Roanoke Times Copyright (c) 1995, Landmark Communications, Inc. DATE: FRIDAY, October 14, 1994 TAG: 9410140113 SECTION: NATIONAL/INTERNATIONAL PAGE: A-12 EDITION: METRO SOURCE: DATELINE: WASHINGTON LENGTH: Short
In three columns written over the past week, Carl Rowan, the syndicated columnist, has asserted that Gibson has used his position as chairman for personal gain.
Rowan, a former official in the Johnson administration, alleged that the chairman had used an American Express card provided by the civil rights organization to charge more than $500,000 in airline travel, hotel expenses, car rentals and personal items since 1986.
Copies of NAACP financial records viewed Thursday indicated that for 1990 Gibson was given either $2,800 or $3,000 a month. Copies of the checks list the reason for the payments as ``board travel and per diem'' or ``office expenses.'' But the fact that the amount paid never varied raised the question of whether they constituted a stipend.

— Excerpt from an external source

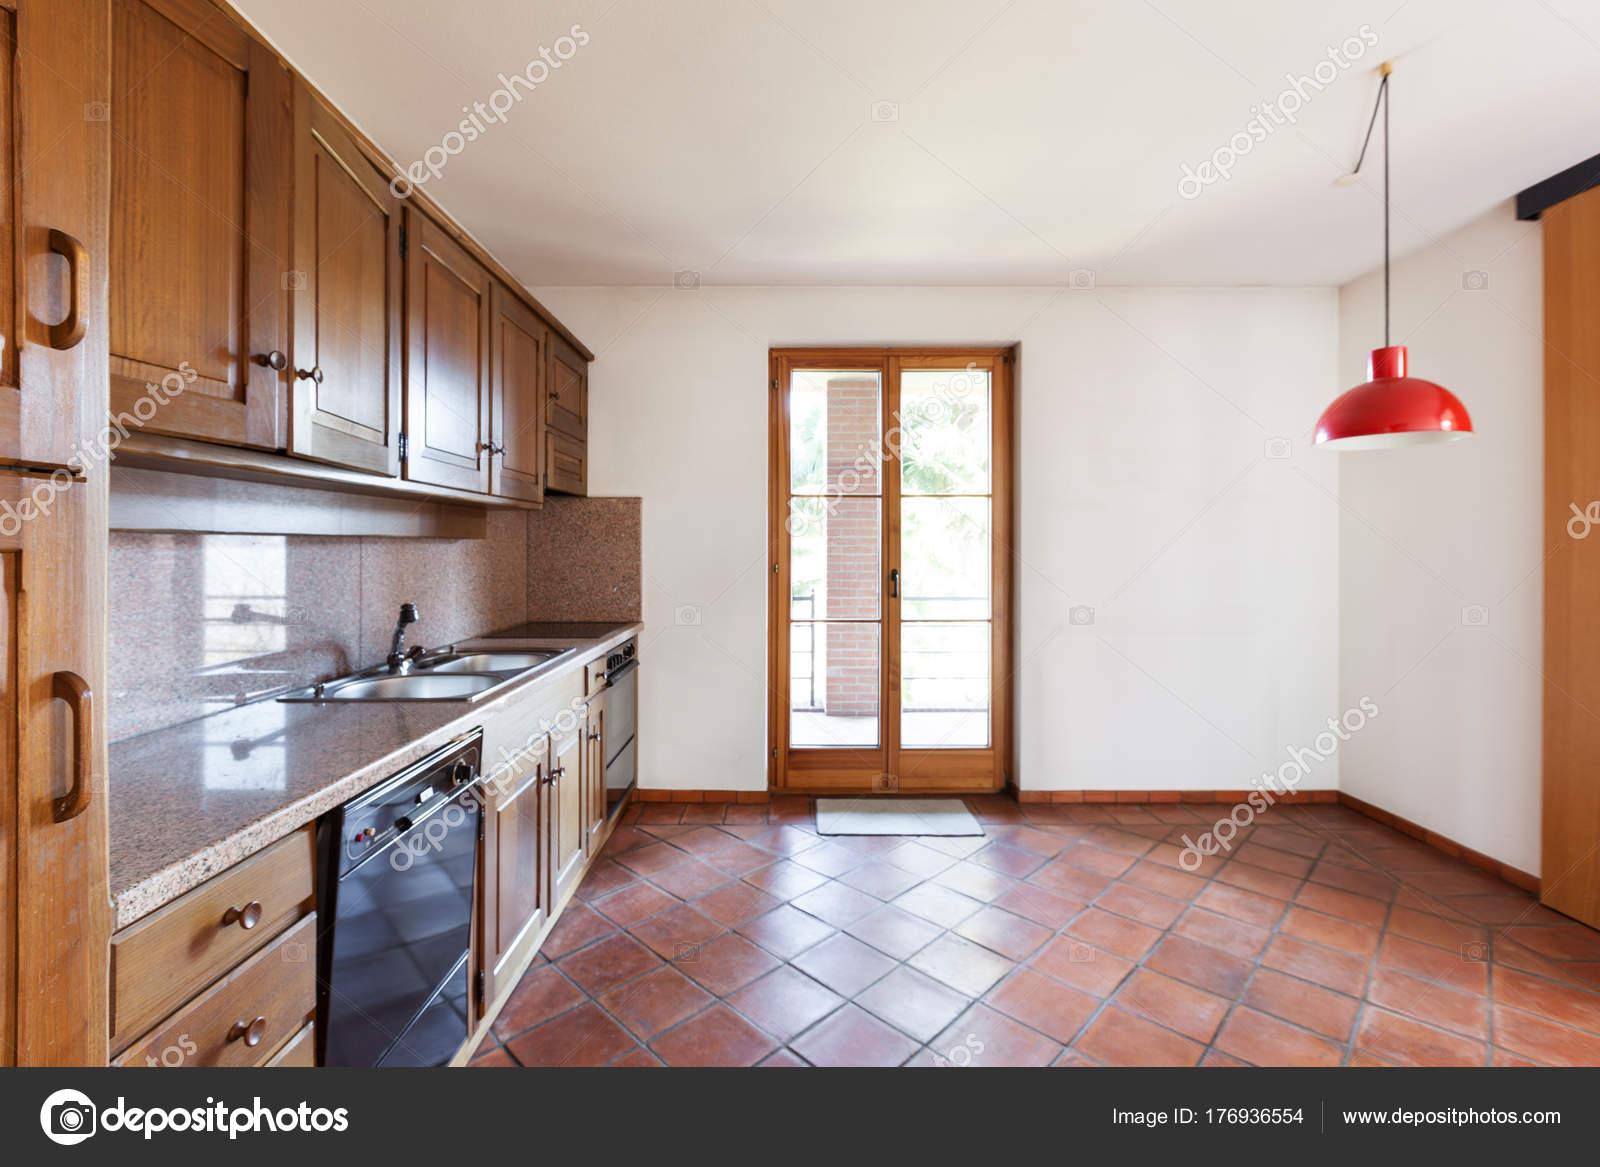 Architectuur interieur huis u stockfoto zveiger

Financial records also indicate that in 1986, Gibson, a dentist from Greenville, S.C., who, like all board members, is a part-time volunteer, billed the organization for $30,579 in travel, hotel, restaurant and car-rental expenses - nearly three times the $11,479.07 billed to the organization by Benjamin Hooks, who was its full-time paid executive director at the time.
Gibson has denied using the organization's funds for personal use, and last week the board's executive committee released a statement supporting him against the allegations first raised by Rowan.